Somewhere out there, I hear, in Sri Lanka, in Lesbos, such fingers and palms wave down crowds to calm, pull such phone screens to stream the screams that bounce from shore-to-shore as humans crash into stone and sand, waiting to know where to print their hands; to know which papers exist to take their vote – where are their military guards? Where’s their democratic co-op? Did we run out of budget for this Hollywood smash-hit?
But let me just check, type swipe press scroll cut bleed. There’s a site that tells you, I’m sure. An organisation, a flow-chart, it’s all figured out. Surely we can grant amnesty? Isn’t that what my iPhone grants me? The power to connect, to speak out, to throw my clout against the backdrop of emoti-tweet, solidarity-flag-filter with my hashtag privilege to make a change through the data domains recorded and kept in whirring closets lined up in eerie dank rooms of blue-light veins somewhere. Surely, this is where it exists? If only it could get up and do something.
But I can do something, that’s what the movies tell me. Like the one about the man who found a fat diamond with his two whole hands and was led to a new and better white land while others lost arms and legs and heads. And thumbs.
Did you hear about the new $15.3 million diamond-encrusted iPhone? Don’t worry. I’m sure their certified: ‘No black movie stars were harmed in the making of this iPhone’. Only those toiling for Coltan in the DRC. But that’s a different and equally as conflicted story.
It makes me wonder if there is a right way to use the abuse of power.
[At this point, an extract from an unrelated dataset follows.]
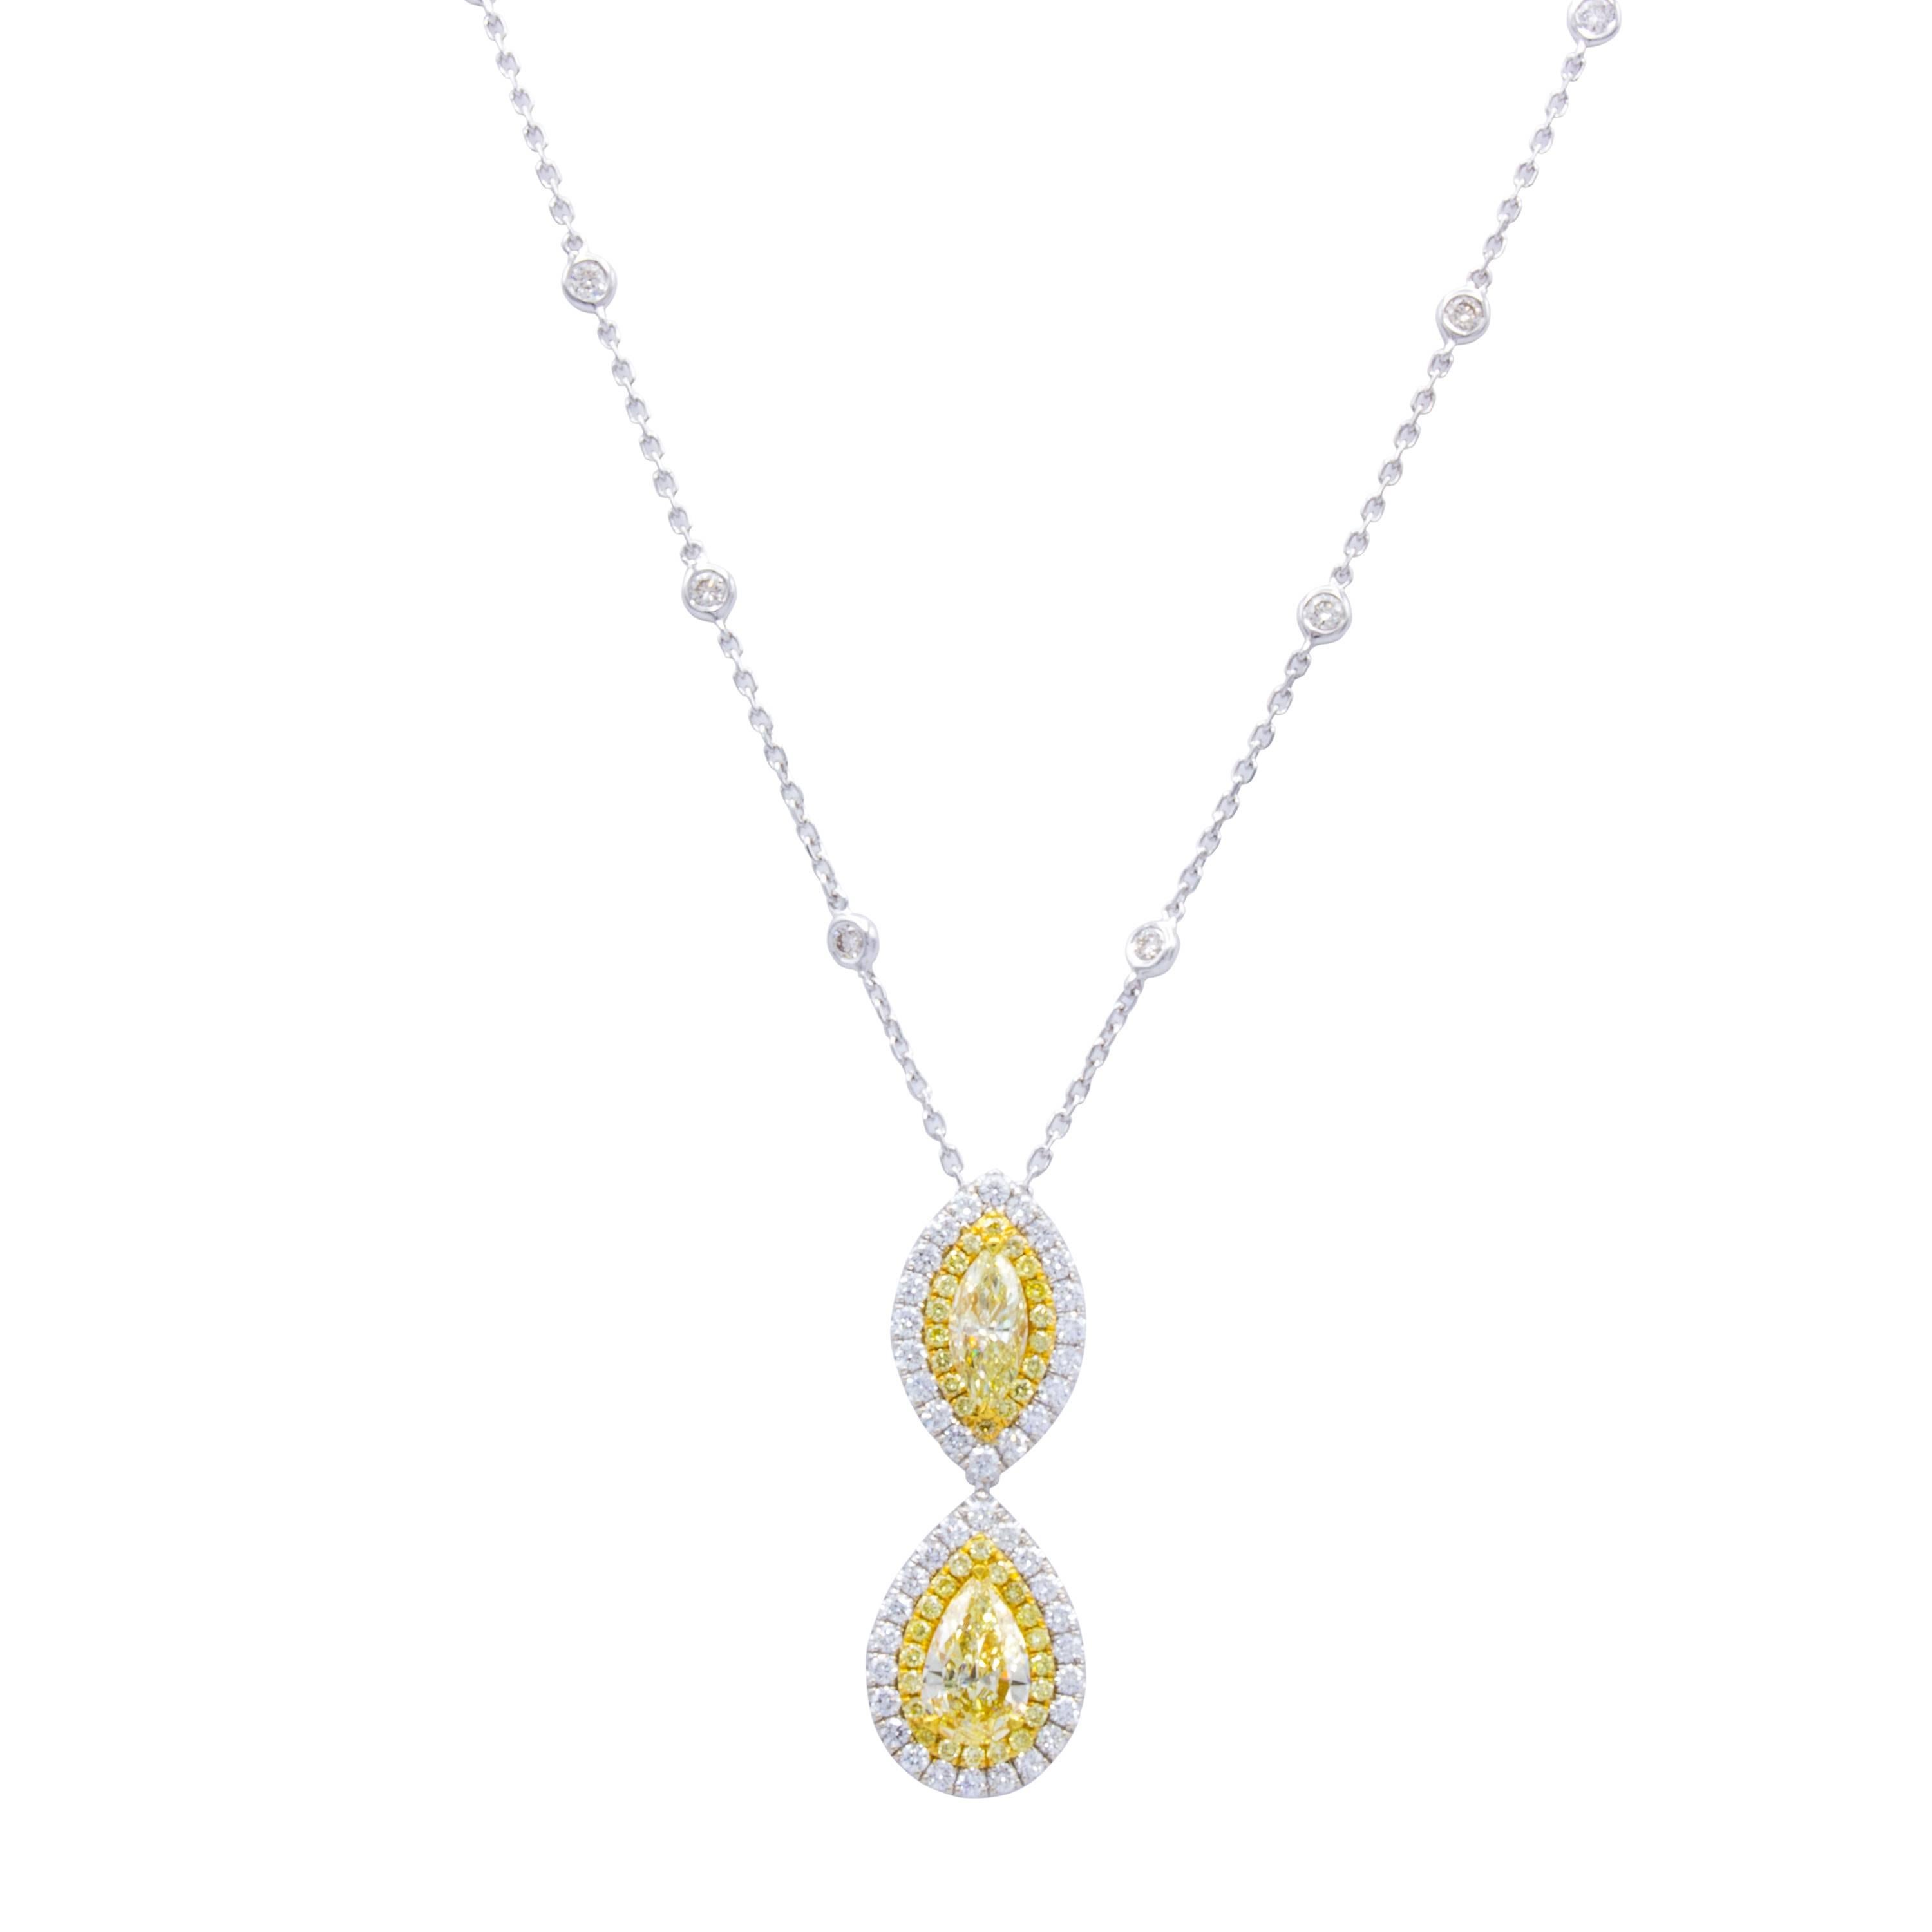 A Rosenberg Diamonds & Co. pendant necklace featuring two incredibly rare and beautiful natural fancy yellow marquise diamonds. Two rows of round brilliant pave diamonds in white and yellow surround the stones and dangle from a delicate 18Kt white

If these actions re-stain the taint of exploitation. One man’s pain another’s liberation. The plight of the modern-day refugee made visible for us to see in a hand that holds a screen that made another scream as they leapt off rooftops to fall face-first into Foxconn suicide prevention cots.
What does this make of us inbetween? First-worlders insulated with enigmatic absurdity. Perhaps I should hop online and submit my name to an application for Apple to play a clean game? I could be a disgruntled consumer, bleed-swiping my shattered screen to Instagram them photos of workers Congolese or Chinese, try to tarnish their reputation with my indignation, whilst I quietly purchase a Korean-made iPhone cover. Or would it be better if only I used my phone as appointment-setter to ensure that I make it on time to protests, and recycled-goods swap-meets, and international films about human rights?
The shard-stung face of my double-jointed appendage throbs along with my words. My Mac-screen clearly recording my quandary, to share it with you, so we can laugh darkly for a few moments at our sequitur conundrums. I’ll finish this piece, and I’ll have a cup of tea, and I’ll probably get a cover for my screen and get it fixed at a shop full of dodgy half-priced machinery. And I don’t think I’ll feel bad or sad because I don’t even know my responsibility. I just know that it’s not that simple, and it never seems to be.
[Feature image: Self-styled conflicted thumb of peace and solidarity and protest and consumer-indulgence and freedom and microbrasions].